• WHAT IS EXPECTED
Without changing a thing, reproduce the entire listing and leave out its pictures.

• INFORMATION SHOWN
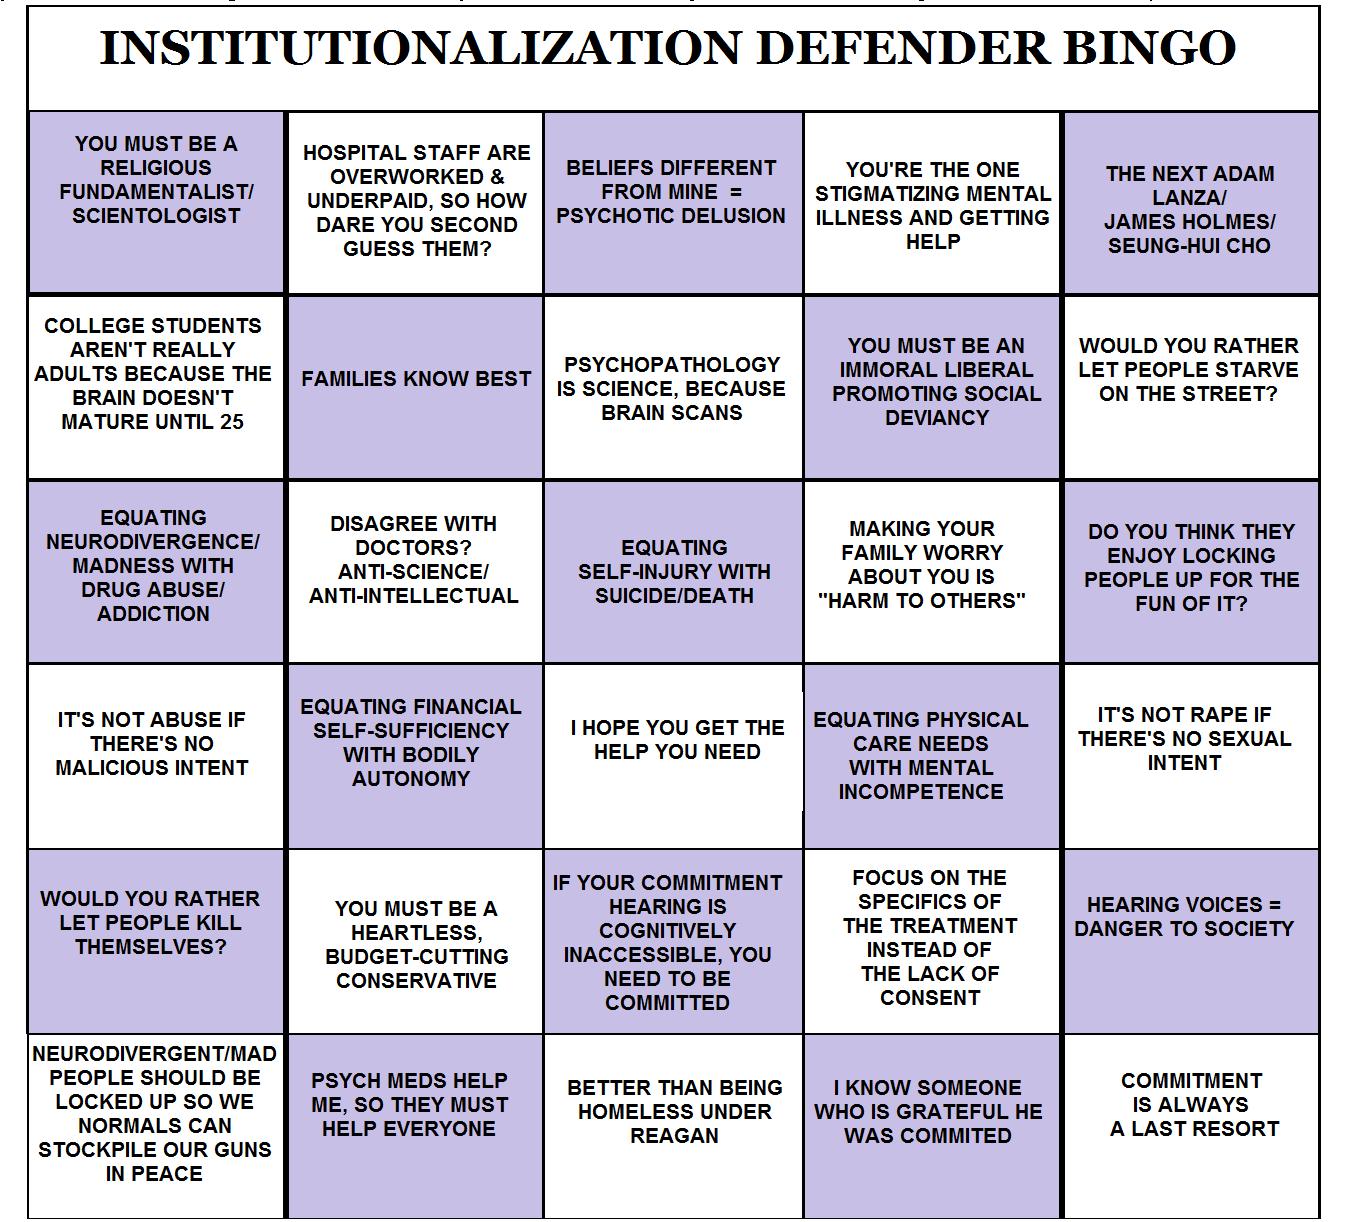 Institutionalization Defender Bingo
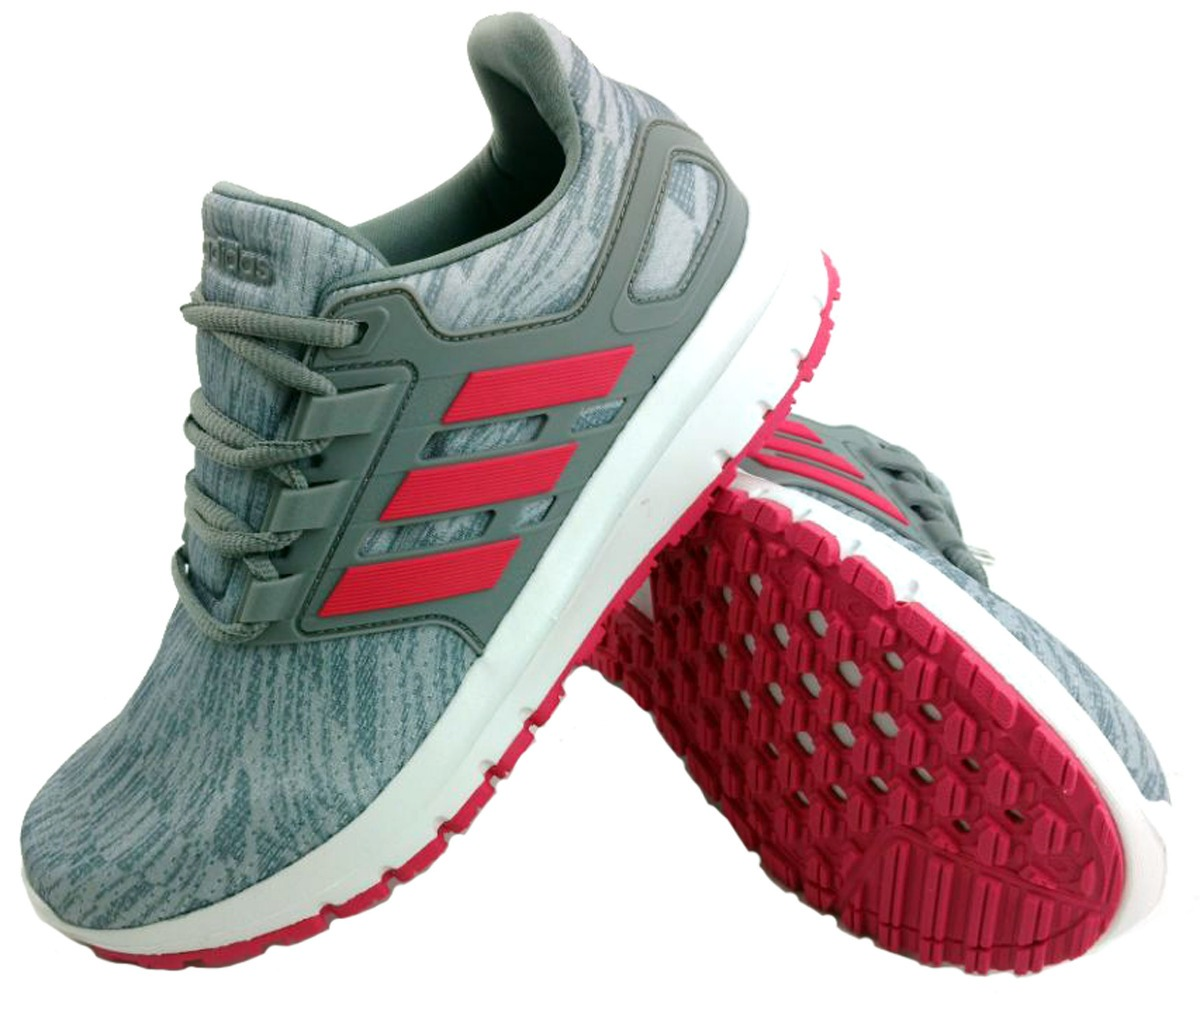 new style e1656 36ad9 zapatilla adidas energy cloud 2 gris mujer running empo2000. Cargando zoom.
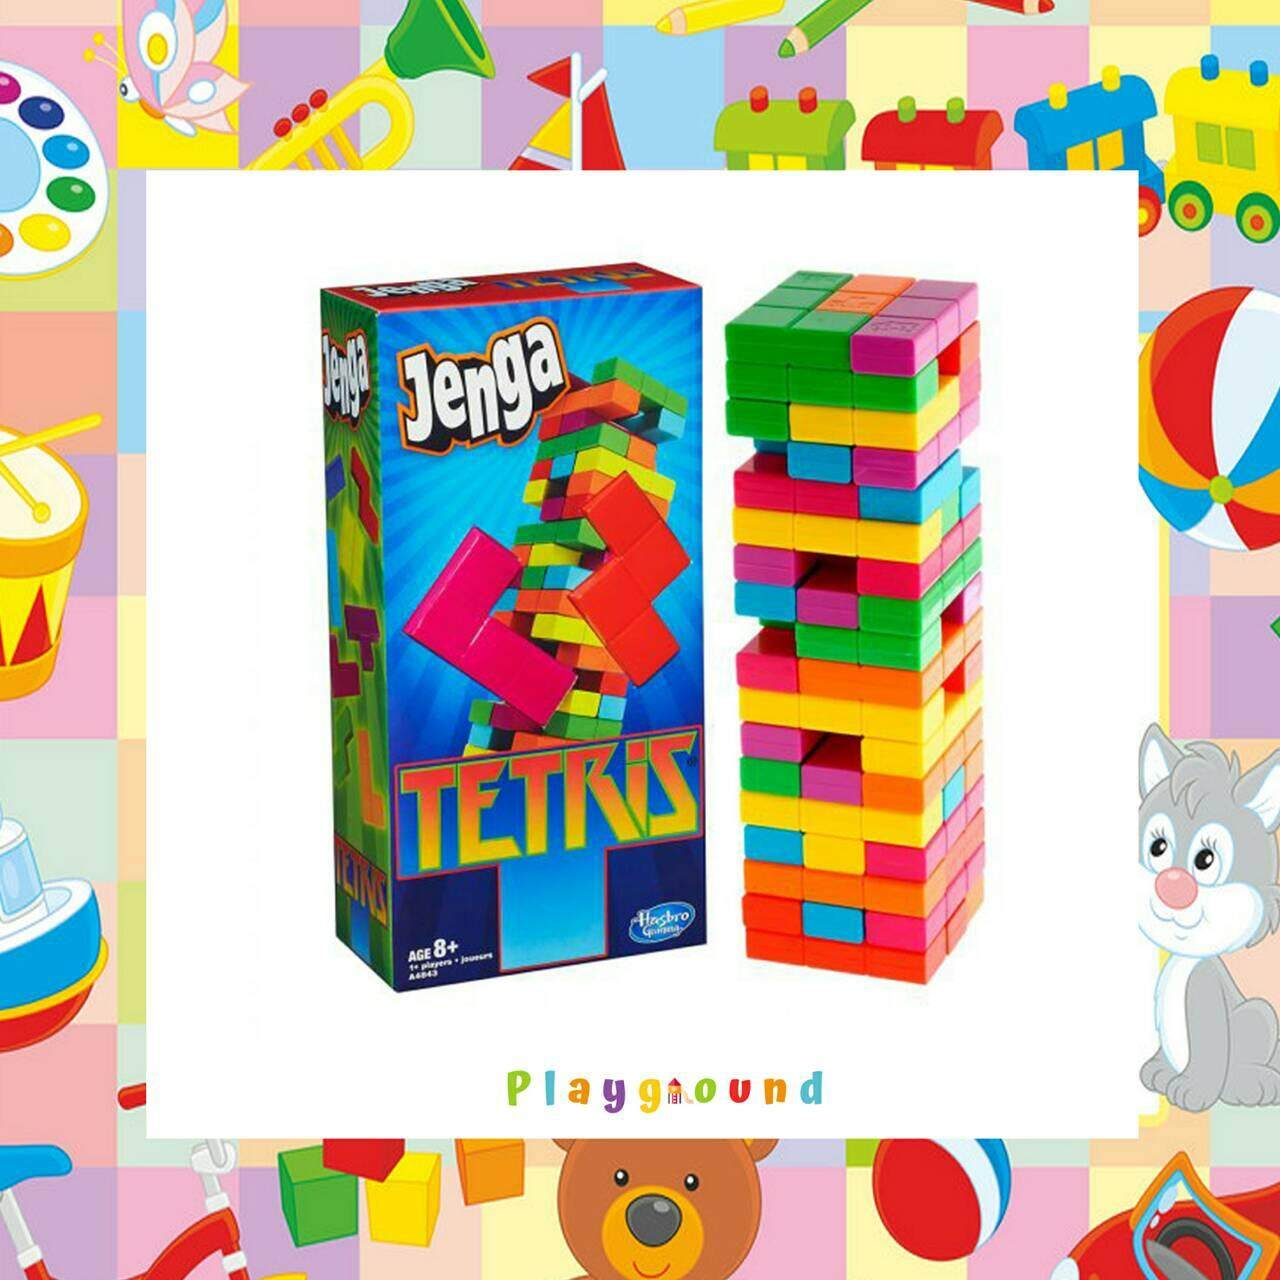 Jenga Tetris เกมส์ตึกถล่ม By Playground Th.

• REPLY
 Institutionalization Defender Bingo
 new style e1656 36ad9 zapatilla adidas energy cloud 2 gris mujer running empo2000. Cargando zoom.
 Jenga Tetris เกมส์ตึกถล่ม By Playground Th.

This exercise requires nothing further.